While this is a natural response, it’s also misguided. The best AI products don’t add features,
they eliminate workflows. When AI works properly, you don’t even need to brand it as “AI”
because it integrates so seamlessly into the product that it is no longer a distraction.
88% of organizations are now using AI, and nearly two-thirds remain stuck in the
experimentation or piloting phase.
The problem isn’t the technology—it's the approach.
We're treating AI like every other feature: something to add, ship, and hope users adopt. The
fundamental assumption is that users will adopt the feature simply because it offers AI.
But rather than treat AI as just an add-on, I believe teams should think of AI as a way to
streamline and expedite workflows. Perhaps the objective isn’t to add another step, but remove
a few.
AI Integration: Effective AI should streamline workflows, not just add features that complicate user experience.
Workflow Elimination: Successful AI products focus on eliminating steps in processes rather than simply adding new functionalities.
User Adoption: Adding AI features rarely ensures adoption; removing friction is a more effective strategy.
Product Roadmap: Product teams must prioritize workflow elimination over merely adding AI components to enhance usability.
Competitive Edge: Focusing on seamless integration of AI can create a significant advantage over competitors emphasizing visible features.
The Race to Add AI
Leadership asks for AI features, so product teams audit their workflows and ask, where can we
add AI? They land on AI-powered search, smart suggestions, automated summaries, and
intelligent recommendations. These features get built, shipped, and added to marketing pages.
Then adoption stalls. The AI features sit unused, tucked into menus and settings panels. Teams
respond by adding more features, creating even more complexity and more things for users to
remember.
What Elimination Looks Like
Consider the steps involved in setting up a meeting. Teams send calendar invites back and forth
over email, join via a calendar link, take notes during the conversation, write a recap email
afterward, create action items in a project management tool, and schedule a follow-up meeting.
Most AI meeting products add a bot that joins meetings to take notes, a feature that generates
summaries, another that creates transcripts, and smart scheduling suggestions.

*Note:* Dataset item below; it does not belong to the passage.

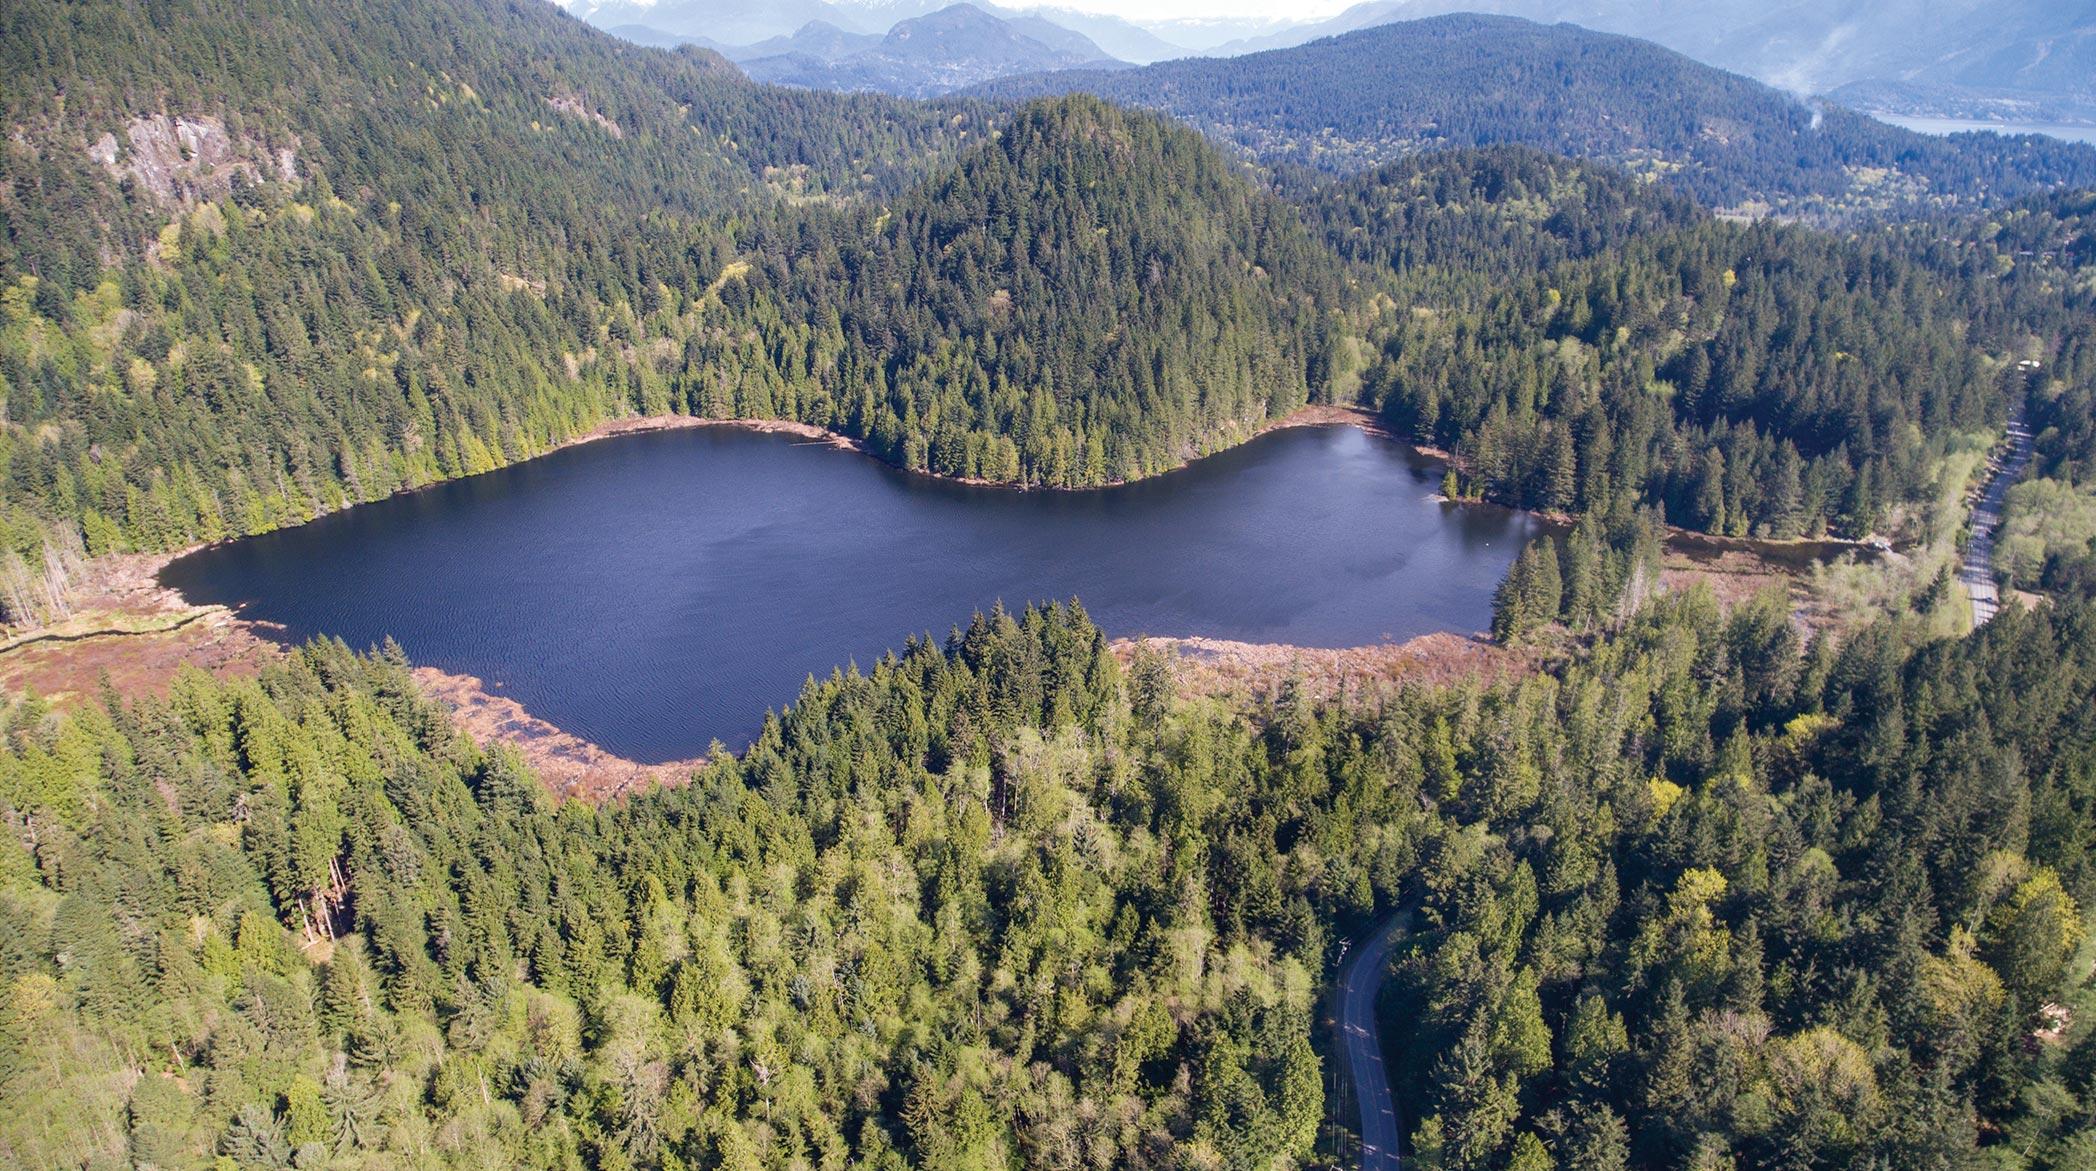 A dark blue lake set in green hills covered in coniferous rainforest.

Each feature
solves one piece of the problem, and each requires users to remember it exists and incorporate
it into their workflow.
An elimination approach works differently. The system already knows everyone's availability, it
infers the agenda, it captures summaries and transcripts automatically, it distributes notes,
action items, and schedules what's next. Attendees show up for the meeting and have
the conversation; the rest happens automatically. There are no AI features to point to because
the workflow disappeared along with the friction.
Building for Elimination
If teams are serious about building AI products that users will actually adopt, they need to
change how they approach the roadmap. Stop auditing the product for places to add AI and
start auditing where to remove friction.
When eliminating workflows, teams need to remove enough friction at once so that the new
experience is genuinely better than the old one. Half-eliminated workflows create confusion
about which parts are automated and which parts still require manual work.
This also requires more courage. Shipping AI features is safe because if users don't adopt
them, teams can say, it’s there if people want it. Eliminating workflows is risky because if the AI
doesn't work well enough, you've removed something users relied on. This is exactly why
elimination-focused products win; they force teams to make the AI genuinely reliable.
The Real Question
In your next team meeting, I would ask your colleagues: Are we building to prove we have AI, or
building to actually improve the product?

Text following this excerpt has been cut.